We have not tried this recipe for gluten free dumplings at this time so cannot recommend a gluten free variation. As far as other top allergens, just make sure to use a safe for you non-dairy milk and butter.




This was excellent. I did add a few extra veggies…green beans, mushrooms, and 1 red potato. The spice combo was on point. My dumplings were dense (which I did not mind) just curious if that was correct texture. That is why I gave it a 4. I would def do a repeat on this. Maybe sub chicken broth rather than veg. Husband loved it.
They shouldn’t be dense, soft and light. Usually comes from mismeasuring flour for most people, try spooning flour into cups if you give it another try
I thought I’d comment in case anyone wanted to make the dumplings gluten free. I just made it this evening and it turned out great. I’m in the UK so I used Dove’s Farm Plain GF blend, which is our equivalent to Bob’s Mill All Purpose I think it is in the US? I made it exactly as instructed but the dough was too wet. I added a little more flour until it was the right consistency, and other than that it just needed an extra 5 minutes cooking time for the dumplings (so 15 minutes with the lid on, not 10).
Really delicious. This will definitely be a regular in my house, along with your Pot Pie recipe and Apple Chilli.
My husband even ate it and he’s neither gluten free or vegan!

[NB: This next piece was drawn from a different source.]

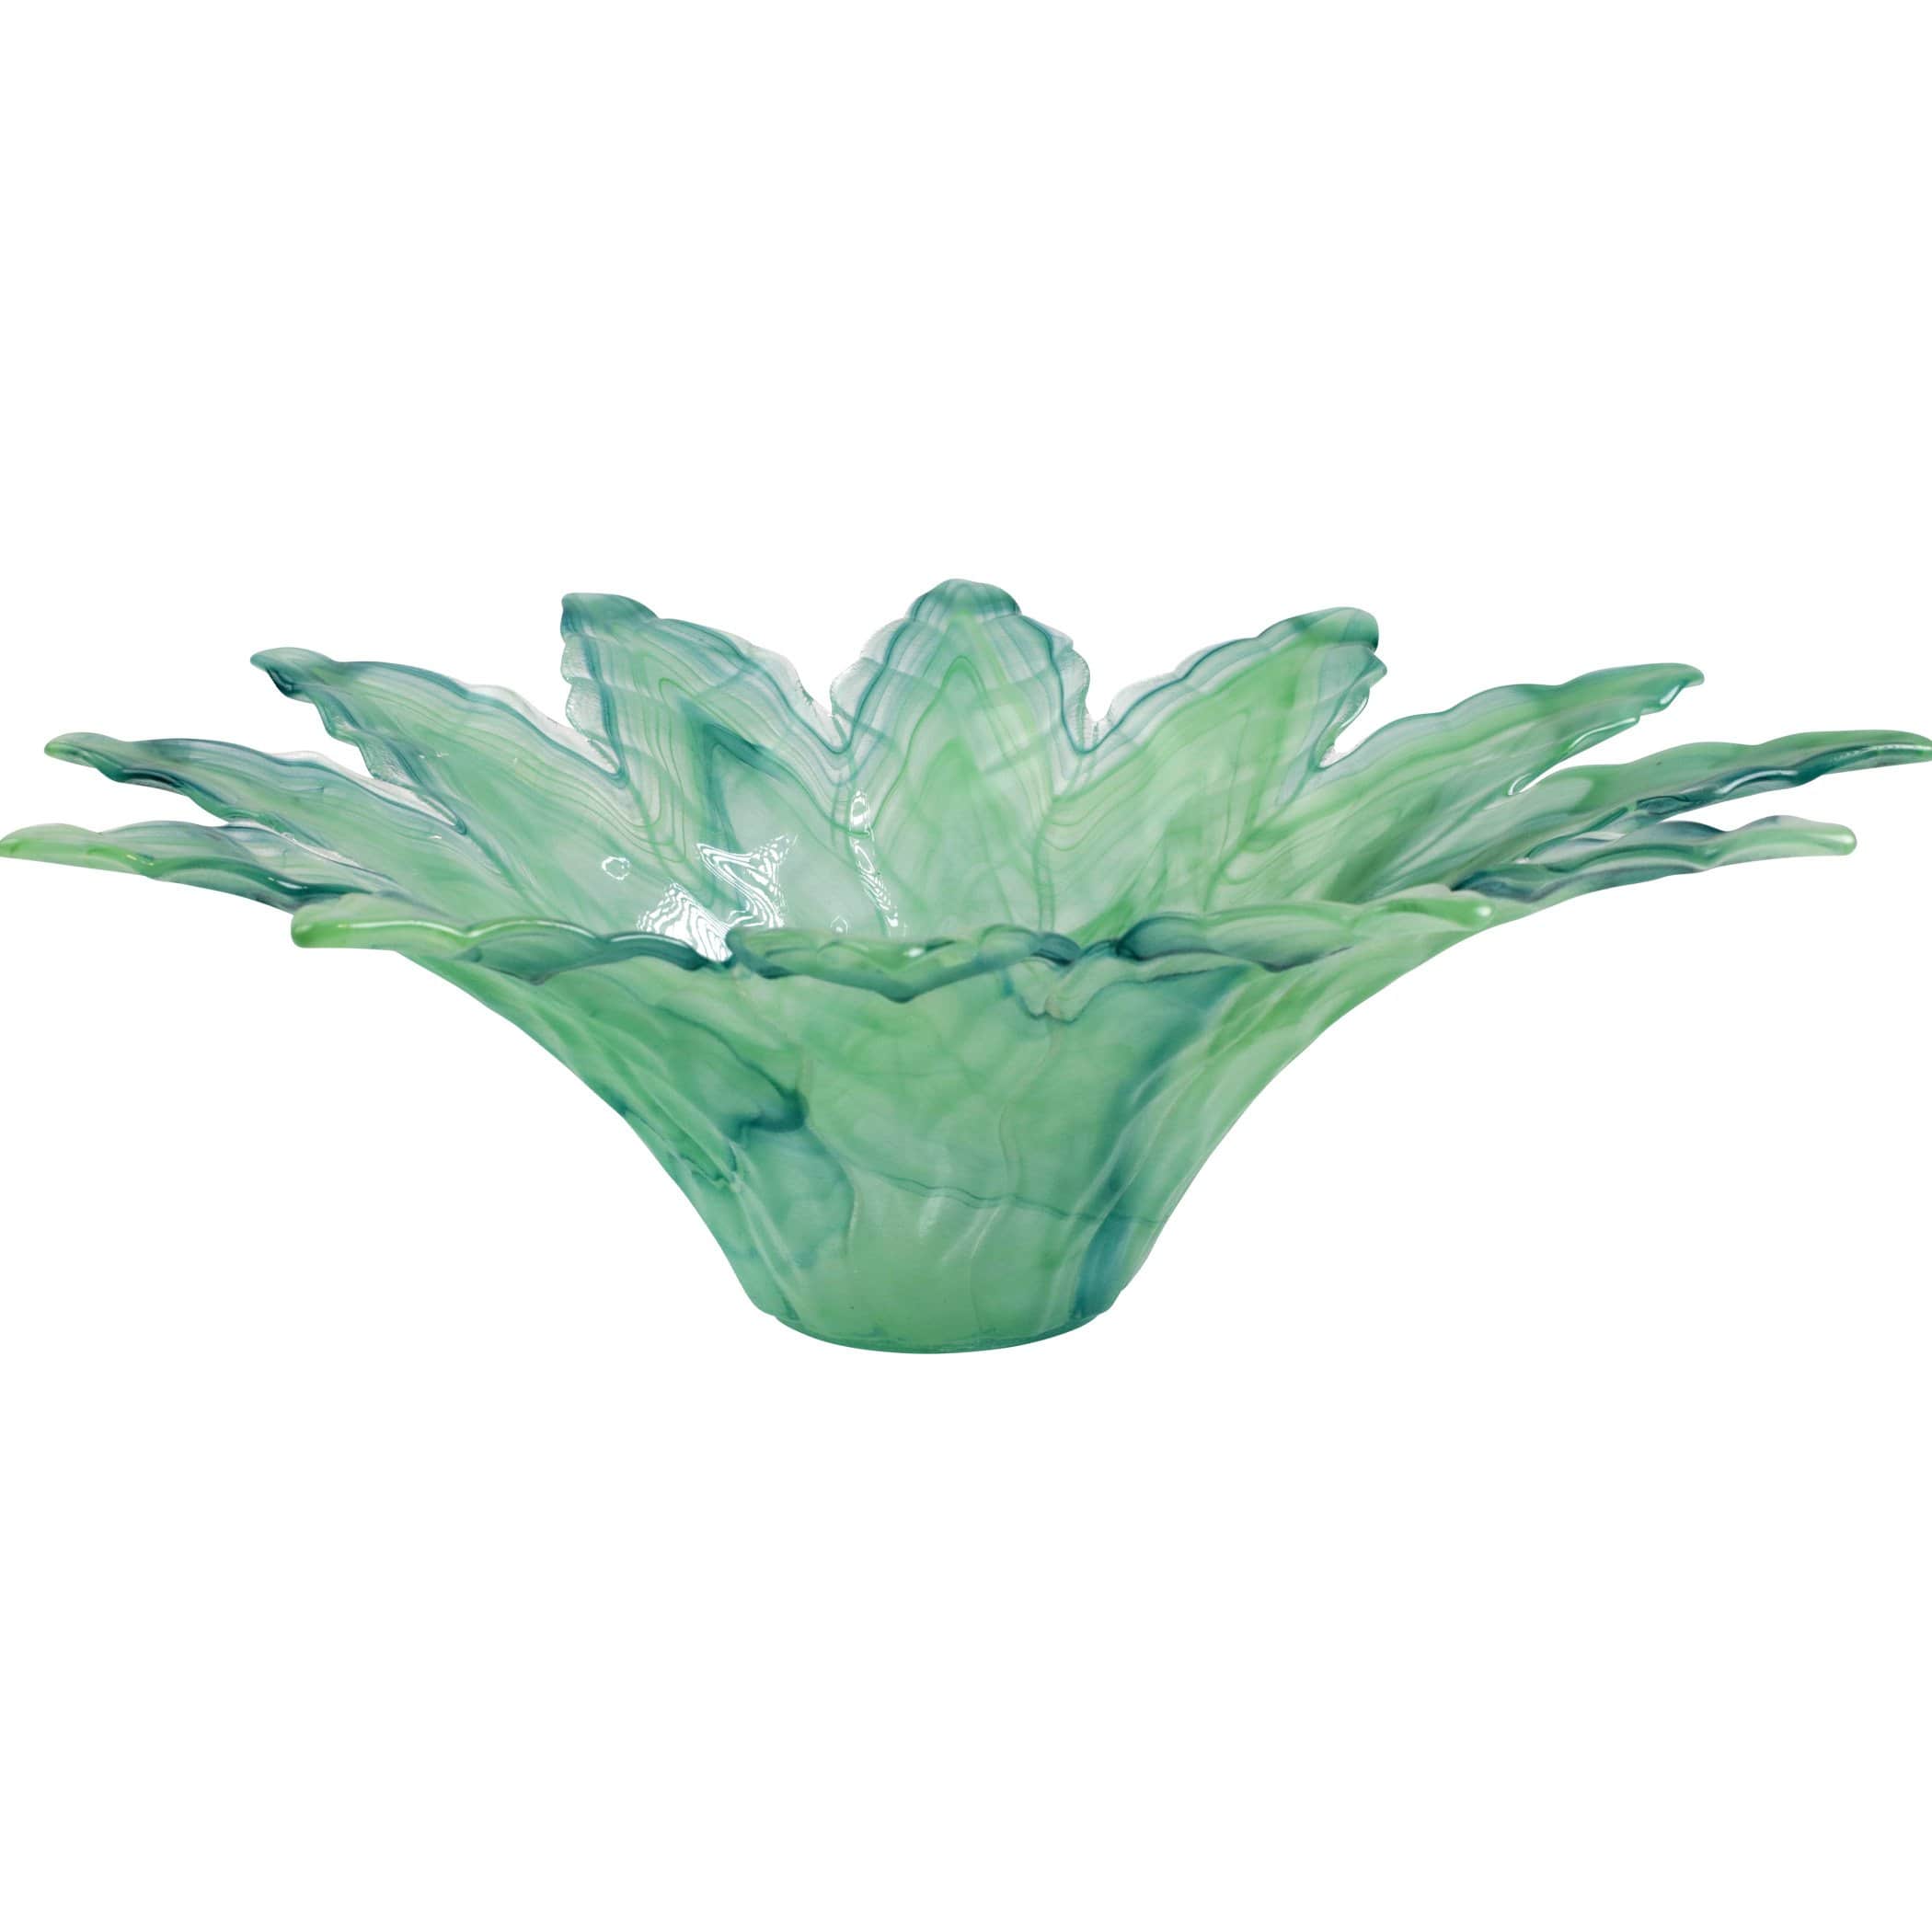 Vietri Onda Glass Leaf Large Centerpiece - Green

Thanks for sharing your GF tips, happy to hear it was hit!
I desperately needed a cozy dinner tonight, and this hit the spot! Oh my gosh! This was delicious, easy to make, and a huge hit with the family!
I will definitely add this to my rotation!
I’m so glad you founded it easy and cozy!
WOW!!!!!!! I knew this looked amazing from the YouTube video but the real thing blew me away! So savory and filling. I don’t usually leave any reviews anywhere online but this one deserves it! Every recipe I’ve ever tried from you guys has been incredible. Thank you all so much! Keep up the good work and the good vibes! ✌️
Wow! Thank you so much for taking the time to leave a review about the recipe! We love knowing that you enjoyed it so much!
Absolutely delicious. This recipe is a winner.
Yay!
THIS IS SOOOOOO delicious, eating it now as leftovers and agh. it’s a 9.5/10 and that’s only bc i don’t think i mixed the dough enough bc the insides were a lil dry but I’m going to make this so often now.. ((only thing is some typos where the recipe description says to add in “sugar” but recipe called for none and the dumpling description forgot to mention to add the pepper))
Thanks, fixed 🙂
I used canned coconut milk and will likely not do that again as it made it kind of oily… my mistake. We will def make this again with a closer eye to the recipe.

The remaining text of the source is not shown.